■ **Task to complete**:
What lines below mention the word "Image"? Copy each one.

■ **Given entries**:
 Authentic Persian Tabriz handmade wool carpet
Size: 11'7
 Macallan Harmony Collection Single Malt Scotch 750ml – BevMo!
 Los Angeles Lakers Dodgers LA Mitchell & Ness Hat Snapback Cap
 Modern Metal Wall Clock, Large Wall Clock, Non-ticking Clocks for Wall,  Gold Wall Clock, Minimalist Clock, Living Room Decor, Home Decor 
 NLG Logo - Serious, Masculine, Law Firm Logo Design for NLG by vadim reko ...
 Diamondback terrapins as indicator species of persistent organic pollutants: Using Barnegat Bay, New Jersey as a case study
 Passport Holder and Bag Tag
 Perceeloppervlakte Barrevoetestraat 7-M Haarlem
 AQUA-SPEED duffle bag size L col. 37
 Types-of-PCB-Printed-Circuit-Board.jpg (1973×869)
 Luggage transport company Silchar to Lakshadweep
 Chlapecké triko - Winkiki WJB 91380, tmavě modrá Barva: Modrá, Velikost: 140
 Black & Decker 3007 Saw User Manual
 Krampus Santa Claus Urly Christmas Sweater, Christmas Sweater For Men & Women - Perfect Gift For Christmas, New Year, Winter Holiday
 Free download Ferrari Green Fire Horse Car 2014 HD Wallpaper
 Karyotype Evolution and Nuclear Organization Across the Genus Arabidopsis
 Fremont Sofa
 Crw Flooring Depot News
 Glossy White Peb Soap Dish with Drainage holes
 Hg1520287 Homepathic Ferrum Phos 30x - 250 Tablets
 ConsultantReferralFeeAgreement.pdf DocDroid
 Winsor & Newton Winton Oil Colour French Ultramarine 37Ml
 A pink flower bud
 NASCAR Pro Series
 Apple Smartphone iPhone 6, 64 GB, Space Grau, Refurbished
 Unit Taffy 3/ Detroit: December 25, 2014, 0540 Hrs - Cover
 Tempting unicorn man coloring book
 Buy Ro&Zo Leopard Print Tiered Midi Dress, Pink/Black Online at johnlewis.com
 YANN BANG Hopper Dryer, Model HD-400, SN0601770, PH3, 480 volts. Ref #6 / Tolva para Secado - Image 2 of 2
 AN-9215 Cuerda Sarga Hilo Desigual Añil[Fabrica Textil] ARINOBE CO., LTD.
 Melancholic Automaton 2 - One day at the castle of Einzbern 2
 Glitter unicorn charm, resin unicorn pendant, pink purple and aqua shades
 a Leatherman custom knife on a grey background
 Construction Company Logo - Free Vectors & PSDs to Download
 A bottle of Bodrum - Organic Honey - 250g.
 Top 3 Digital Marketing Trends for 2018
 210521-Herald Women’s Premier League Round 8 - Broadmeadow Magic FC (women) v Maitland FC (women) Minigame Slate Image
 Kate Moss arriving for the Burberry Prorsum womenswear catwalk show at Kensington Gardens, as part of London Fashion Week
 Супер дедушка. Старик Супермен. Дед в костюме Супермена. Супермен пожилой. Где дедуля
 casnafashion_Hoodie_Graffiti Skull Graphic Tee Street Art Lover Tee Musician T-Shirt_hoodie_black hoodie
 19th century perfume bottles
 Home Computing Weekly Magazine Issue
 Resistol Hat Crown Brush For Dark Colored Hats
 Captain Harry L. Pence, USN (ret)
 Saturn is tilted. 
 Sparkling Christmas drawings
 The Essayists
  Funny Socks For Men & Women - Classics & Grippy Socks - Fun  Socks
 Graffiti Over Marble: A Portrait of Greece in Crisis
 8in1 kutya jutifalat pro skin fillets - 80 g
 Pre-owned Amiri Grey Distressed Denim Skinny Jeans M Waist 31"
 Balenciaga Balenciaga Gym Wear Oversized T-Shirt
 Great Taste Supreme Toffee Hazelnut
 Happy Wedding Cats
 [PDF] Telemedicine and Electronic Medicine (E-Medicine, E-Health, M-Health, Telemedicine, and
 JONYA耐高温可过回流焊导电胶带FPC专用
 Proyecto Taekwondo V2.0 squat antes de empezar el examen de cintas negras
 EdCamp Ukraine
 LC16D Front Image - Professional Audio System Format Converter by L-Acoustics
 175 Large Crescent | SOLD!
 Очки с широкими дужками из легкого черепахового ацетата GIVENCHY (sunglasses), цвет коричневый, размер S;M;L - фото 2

■ **Worked solution**:
 YANN BANG Hopper Dryer, Model HD-400, SN0601770, PH3, 480 volts. Ref #6 / Tolva para Secado - Image 2 of 2
 210521-Herald Women’s Premier League Round 8 - Broadmeadow Magic FC (women) v Maitland FC (women) Minigame Slate Image
 LC16D Front Image - Professional Audio System Format Converter by L-Acoustics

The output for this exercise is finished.